"Enter"a basıp içeriğe geçin

Konuşulanlar ve konuşulmayanlar…

Siyasiler ve halk her zamanki gibi farklı gündemler üzerinden konuşuyor. Halkın penceresinde öldürülen kadınlar, çocuklar var, geri ödemesi yaklaşan krediler, işsizlik var.

Politikacıların gündemindeyse Aya Sofya, kıdem tazminatı, vergiler ve zamlar.

Oy atmayan zaten soruyor lakin oy atanlar da soruyor artık, “Biz size hayatı bize zindan edin diye mi oy attık?!”

Nasıl sormasınlar ki; 17 sene olmuş ceplerinde bir kuruş fark olmadan yaşayan, hala kiracı, hala işsiz, hala ay sonunu nasıl getireceğim diye düşünen milyonlarca insan var. 

Oysa nasıl da inanmışlardı söylemlere…

Van’da yaşayan iktidar partisi taraftarı insanlar var. Ömürleri boyunca belki de hiç geçmeyecekleri İstanbul’daki köprü için vergi ödüyorlar. 

Tuhaf değil mi? Eskiden tuhaf gelmiyordu ama şimdi onlar da sorguluyorlar.

Bir kısım parti yandaşının dilinde yıllardır pelesenk, “İyi ama başka adam mı var? Kime atacağız oyumuzu?”

Bu halk, her göreve layık evlat yetiştirmeyi bilir kaygılanma ey halk.

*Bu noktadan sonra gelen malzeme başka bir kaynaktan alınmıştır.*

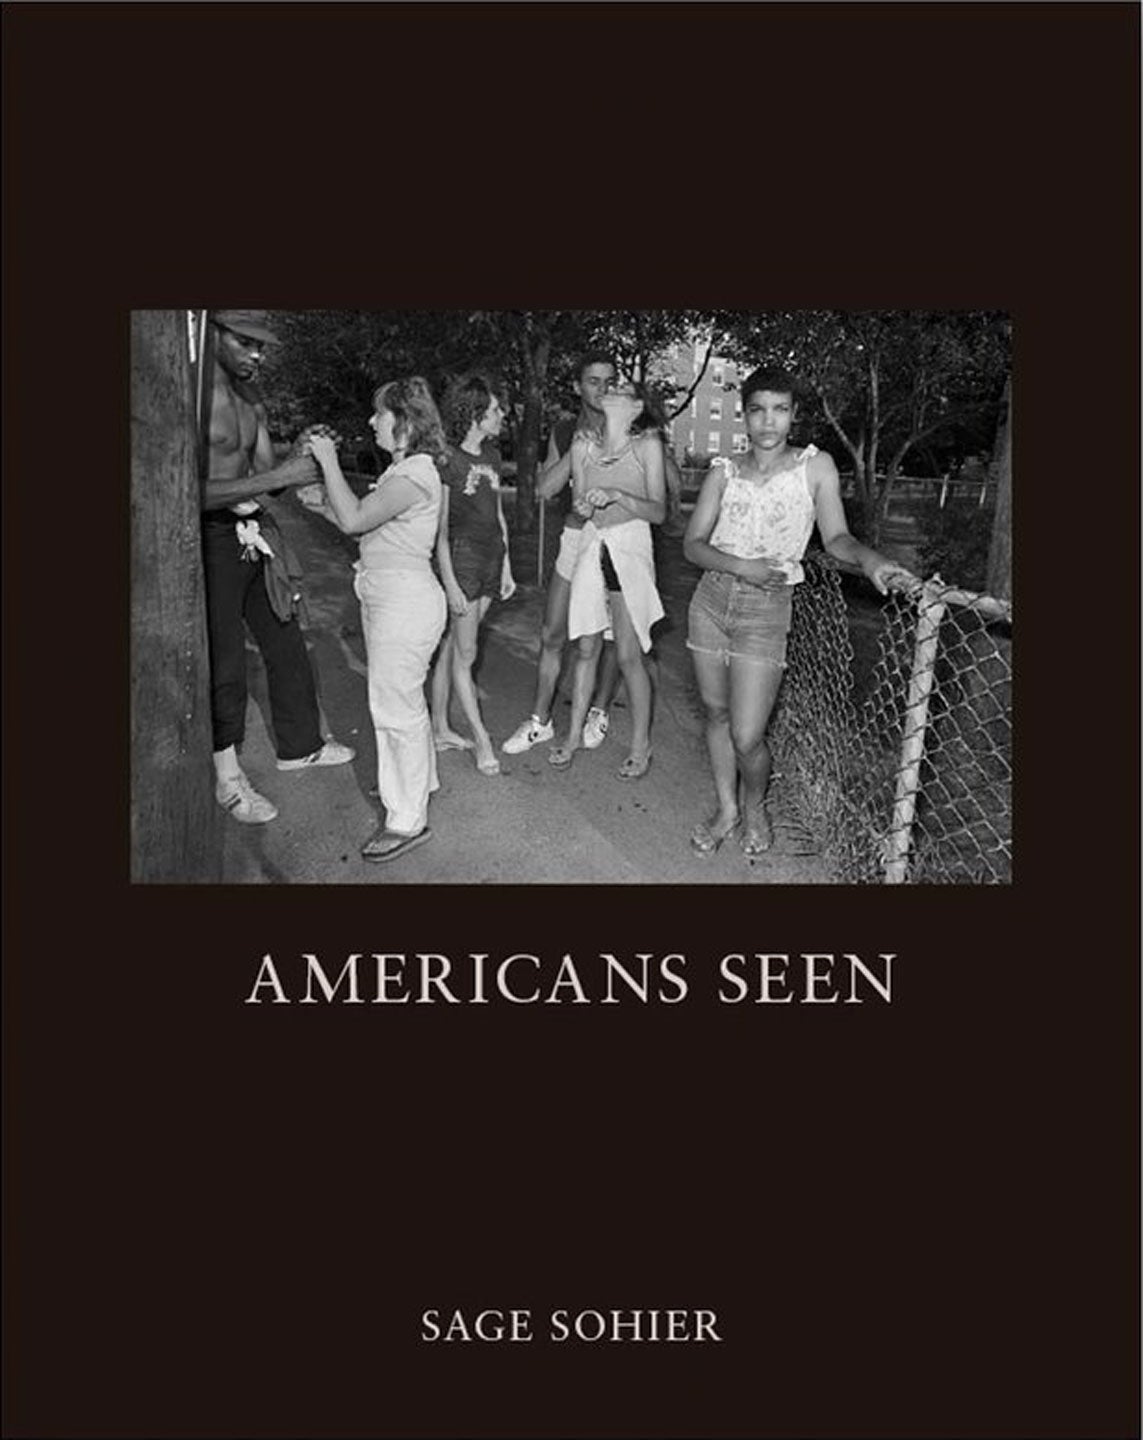 NZ Library #3: Sage Sohier: Americans Seen, Limited Edition (NZ Library - Set Three) [SIGNED]

Eskiden beri tanıdığım ve sonradan iktidar partisine yakınlaşmasına bir süre şaşırdığım bir yazar, dün sosyal medyadan partizanlığını yaptığı o yapıya isyan ediyordu. Herkes şaşkınlıkla bundan söz ediyordu. Ben şaşırmadım.

İnsanlar uyanıyor artık. 

İnsanlar soruyor, sorguluyor. 

İnsanlar neyin ne olduğunu anlamaya başlıyor.

İnsanların içinde karanlığa karşı nereden geleceğini henüz bilmedikleri bir umut ışığı var.

Bu halk kimsenin boyunduruğuna girmez, kimsenin zulmüne eğilmez.

Elbet devran döner.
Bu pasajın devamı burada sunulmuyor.